Loading the icon or thumbnail would likely cause the date accessed to change.

dupe:dc;dm;da will find duplicates for date created, date modified and date accessed down to the 100-nanoseconds.
Even though Everything only shows seconds in the result list.

If you want to find duplicate content, please try the following search:
ext:jpg dupe:size;first-256-bytes;sha256

I do not recommend using dates to reliably find duplicated files.
Although, it can be useful to give an instant guide to possibly duplicated files.
In which case, using just one date should be enough, please try the following search:
dupe:size;dm
-or-
dupe:size;name;dm
anmac1789
Posts: 668
Joined: Mon Aug 24, 2020 1:16 pm

Re: Duplicate showing when its not supposed to

Post by anmac1789 »

Because the date created, date modified and date accessed is the same as another file in your results.
Please try sorting by date created to confirm.

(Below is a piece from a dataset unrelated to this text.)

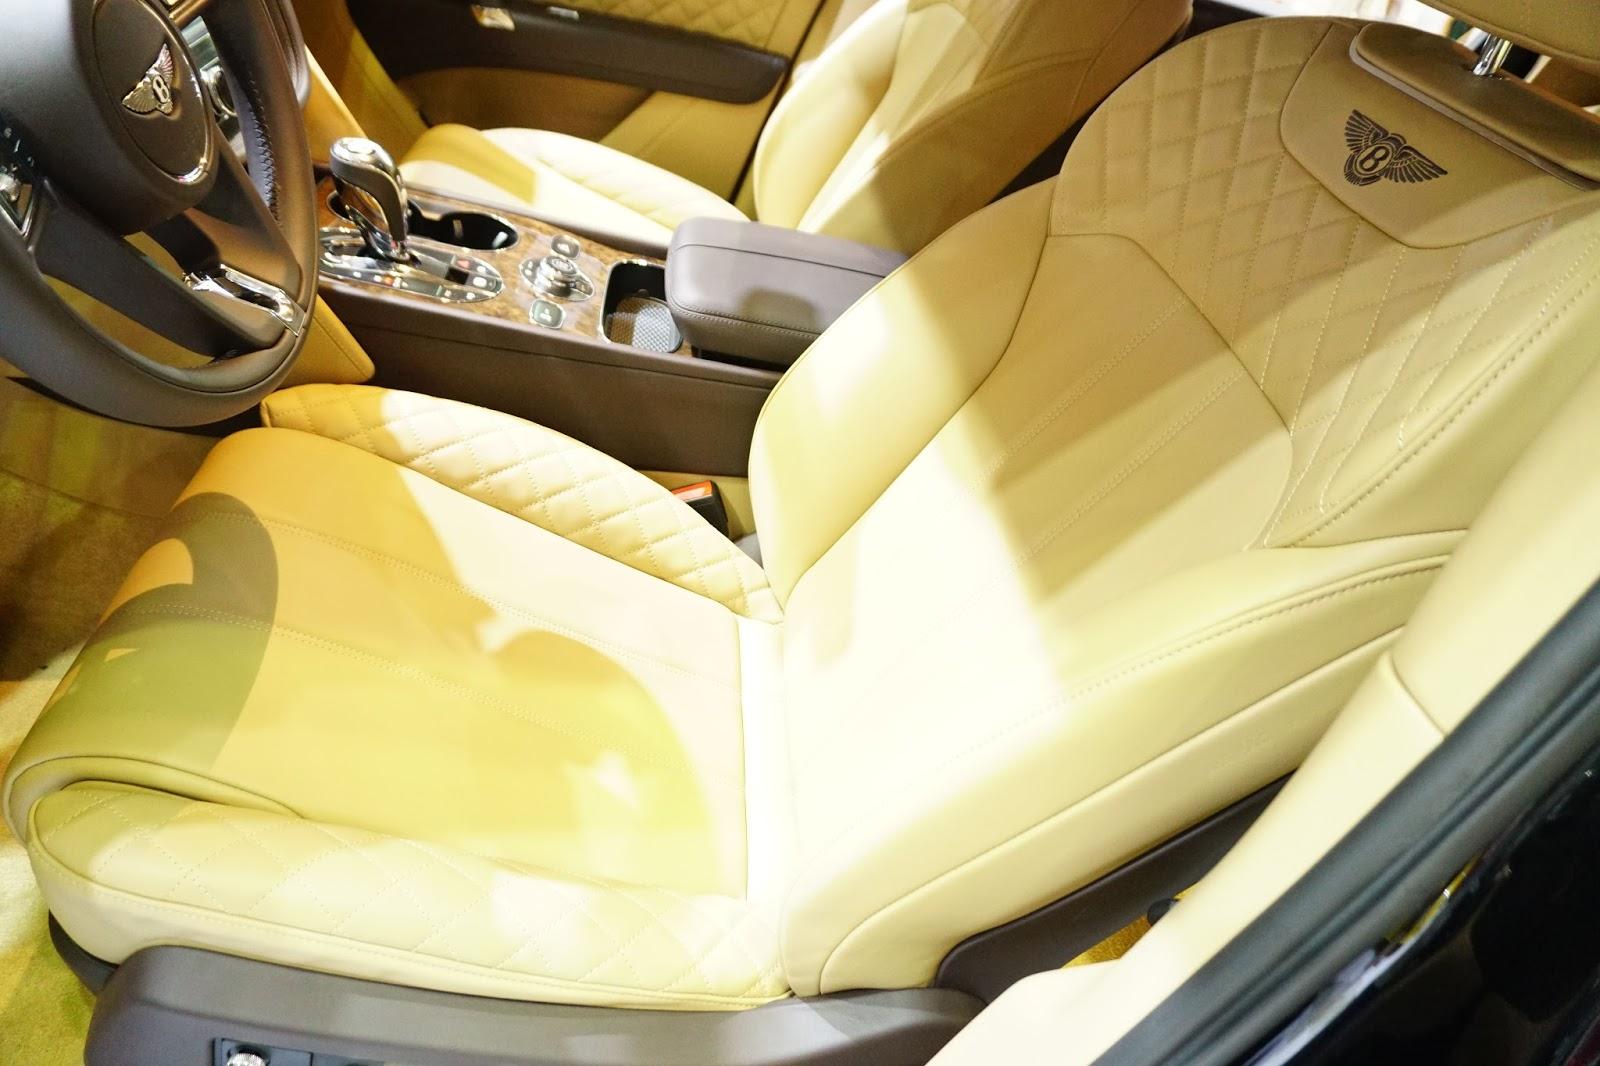 Ngồi ghế lái của Bentley, chắc chắn có nhiều trải nghiệm đỉnh

I think you are expecting the name and size to be included when searching for duplicates.
However, you have only specified dc;dm;da in your dupe: search.
Well thats the idea, I dont want to search by the name because the date and time of that one file is off by 1 hour so i want it to be excluded but because it shares the date and time with another file, it shows up. The only way I can think around this is if there is a conditional format, similar to how excel does.
Notes:
I am going to assume you have disabled date accessed on your system.
Loading the icon or thumbnail would likely cause the date accessed to change.
I'm not sure what you mean by this, the date accessed dupes did show up correctly
I do not recommend using dates to reliably find duplicated files.
Although, it can be useful to give an instant guide to possibly duplicated files.
In which case, using just one date should be enough, please try the following search:
dupe:size;dm
-or-
dupe:size;name;dm
I've literally tried tens of combinations and date modified or size or filename length and played around with almost properties. I'm not sure how excel is finding better duplicates than everything :(

Here is a screenshot for excel, although, mind you still some other formatting needs to be done on excel list to further illustrate better dupe finding.
excel dupes.png
excel dupes.png (261.82 KiB) Viewed 1425 times
As you can see in the screenshot, unhighlighted cells in column G are the ones that everything should've excluded. Column A is filename, B is parent path, C is size, D, E, F are date cr, date md, date ac respectively and column G is =TEXTJOIN("||",TRUE,C1:F1) joining together values from column C to F bonded by two | characters (shift+backwards slash) as the helper column
void
Developer
Posts: 16672
Joined: Fri Oct 16, 2009 11:31 pm

Re: Duplicate showing when its not supposed to

Post by void »

In excel, it looks like you are finding duplicates on size, date created (to the second), date modified (to the second) and date accessed (to the second).

Could you please give an example, where dupe:size;dm is not giving the exact same results.
What files is Everything missing, or reporting incorrectly?
anmac1789
Posts: 668
Joined: Mon Aug 24, 2020 1:16 pm

Re: Duplicate showing when its not supposed to

Post by anmac1789 »

Namely, these two filenames which worked for these two but not for a greater number of files with this exact same problem it somehow fails for other pictures

Yw2sX8-vJK86ENJWaYYN1b7Ykg0=PHOTO-2019-11-09-10-40-42.jpg
yVLCjLcsj2VARrK99fcvFIsQAKc=PHOTO-2019-11-09-10-41-20.jpg

That's what I wanted to find duplicates based on all 4 properties (to the second for dates and times)

See example below
example duplicate.png
example duplicate.png (143.23 KiB) Viewed 1424 times
void
Developer
Posts: 16672
Joined: Fri Oct 16, 2009 11:31 pm

Re: Duplicate showing when its not supposed to

Post by void »

Thanks for the images.

What was the dupe command used in the first image?
-It looks like it is still dupe:dc;dm;da
These results are expected for the dupe:dc;dm;da command.
I think you are expecting size to be included when finding duplicates?
dupe:dc;dm;da will not include the size when finding duplicates.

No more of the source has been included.